I plan to use the Triton TRA001 Plunge Router in a router table. I removed the plunge spring as directed, but the instructions have no mention of how to use the above table height adjustment crank. When you remove the router base plate there are two holes, both blocked by a pin. I assume I need to remove one of the pins. Please advise. Thanks!


----------



## Mike (Nov 22, 2004)

Steve, remove your sub base plate and set your router as shown in this photo. See the small notch in the base towards the bottom right? This is where the through hole is drilled in your mounting plate. The handle passes through this hole and engages the small pin on the bottom of the fine adjusting knob.The hole is slightly larger than 1/2" and once you drill the hole with a 1/2" bit you can walk your drill around to slightly enlarge the hole to fit.

The silver arrow points to one of the knobs for attaching this router to a Triton table or to the routers accessories.


----------



## jw2170 (Jan 24, 2008)

Also, I note that in Mike's photo that the plunge lock button is pressed in.

For table work with the winder handle, the router has to be in ratchet mode. (the button must be out) Otherwise the fine adjuster will not work.


----------



## ploches (Mar 4, 2014)

Thank you, Mike and James! Very useful information. I have the Triton set up in the table now. Works like a charm. :happy:


----------



## chris kenney (Mar 15, 2015)

*1/4 collet new Triton router*

I have a new Triton router. My 1/4 collet does not seem to fit? I watched the Highlands Woodworking video on you tube and the host just seemed to easily screw it on the chuck. What am I missing here?? Thx.



Chris


----------



## DonkeyHody (Jan 22, 2015)

chris kenney said:


> I have a new Triton router. My 1/4 collet does not seem to fit? I watched the Highlands Woodworking video on you tube and the host just seemed to easily screw it on the chuck. What am I missing here?? Thx.
> 
> 
> 
> Chris


My guess is that you have a burr on the internal threads of the 1/4" collet. It should just screw on just like the 1/2" one.


----------



## MT Stringer (Aug 15, 2012)

I haven't had any trouble swapping collets on my Triton.
Good luck.


----------



## jw2170 (Jan 24, 2008)

There should be no problem changing collets on the TRA001.

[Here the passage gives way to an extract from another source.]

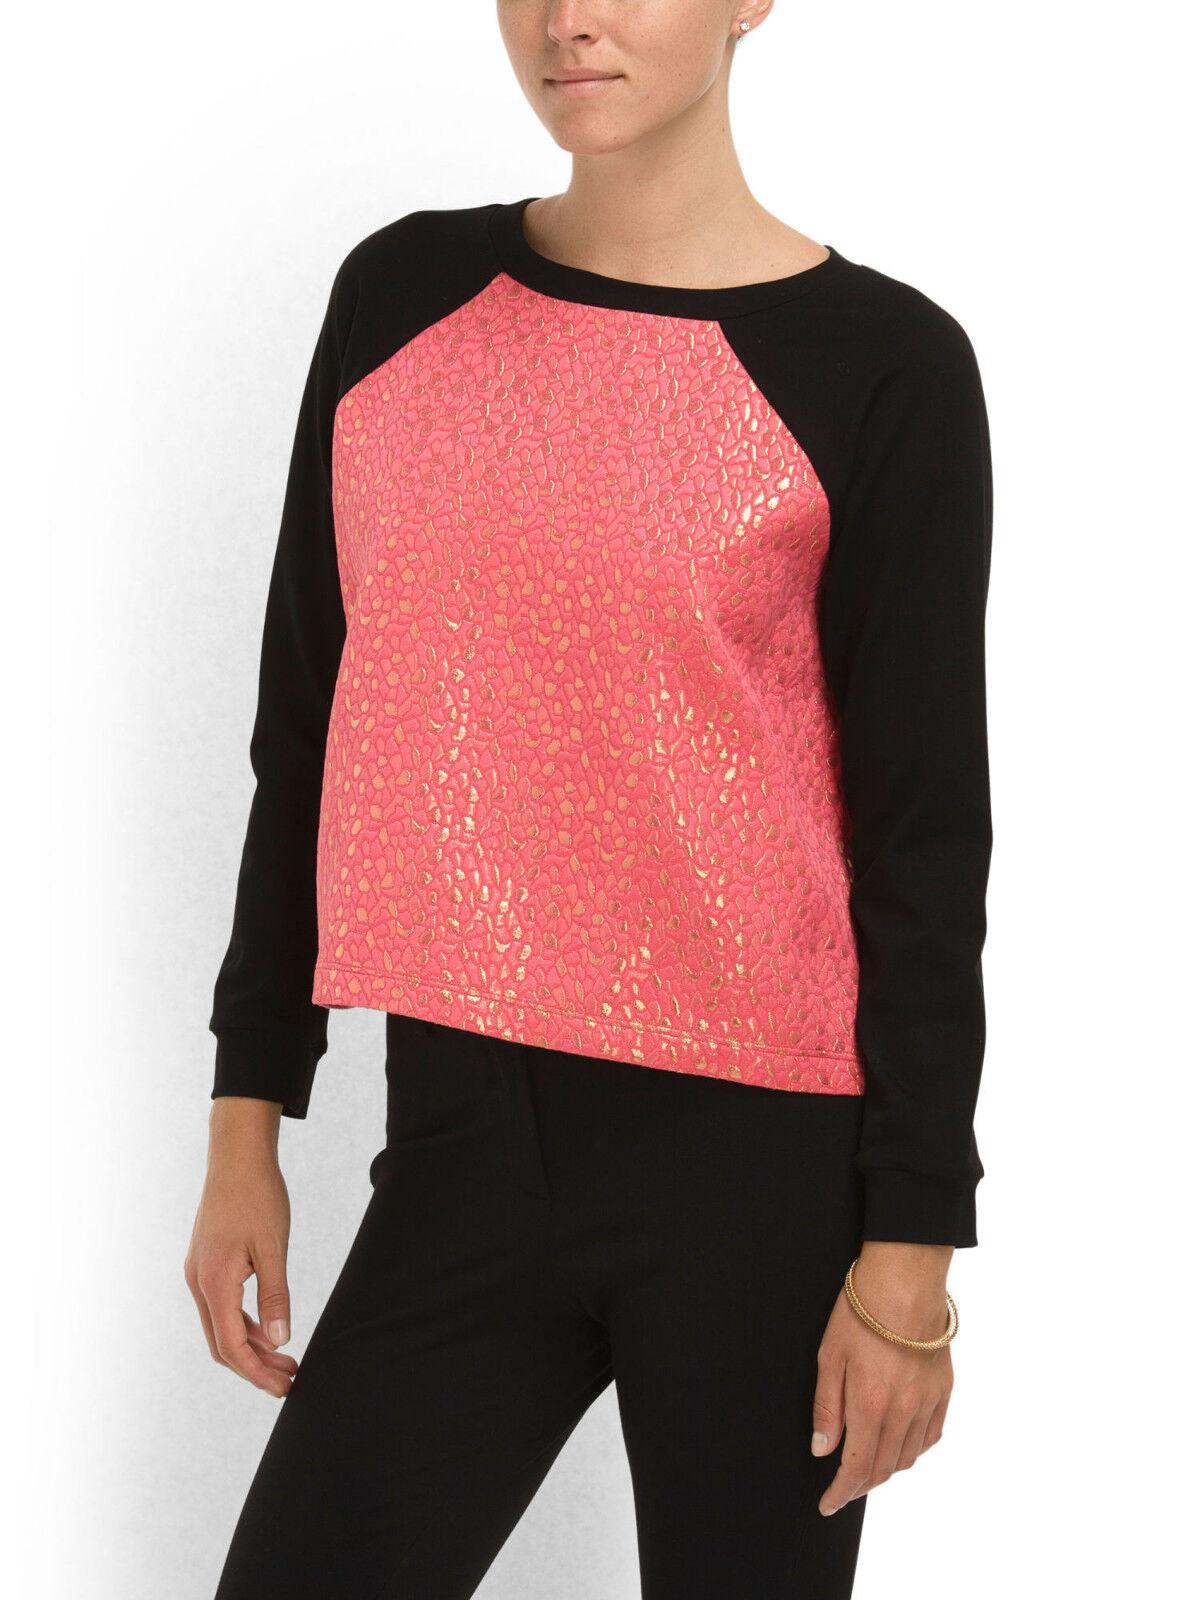 Cut25 Yigal Azrouel Metallic Jacquard Sweatshirt Top in Melon rot-NWT-RP  +

As Andy said, there may be a problem with the 1/4" collet. Has it been cross threaded?


----------



## videator (Mar 11, 2015)

Chris, it is most likely burrs in the collet or arbor, or both... I bought 2 triton router that had burrs... One was pretty bad that neither collet would thread So I had to pull the Dremel out and de burr it.

Should never pass inspection without a functional gauge working... Like I posted in a different post: great router if you get one that is functional...


----------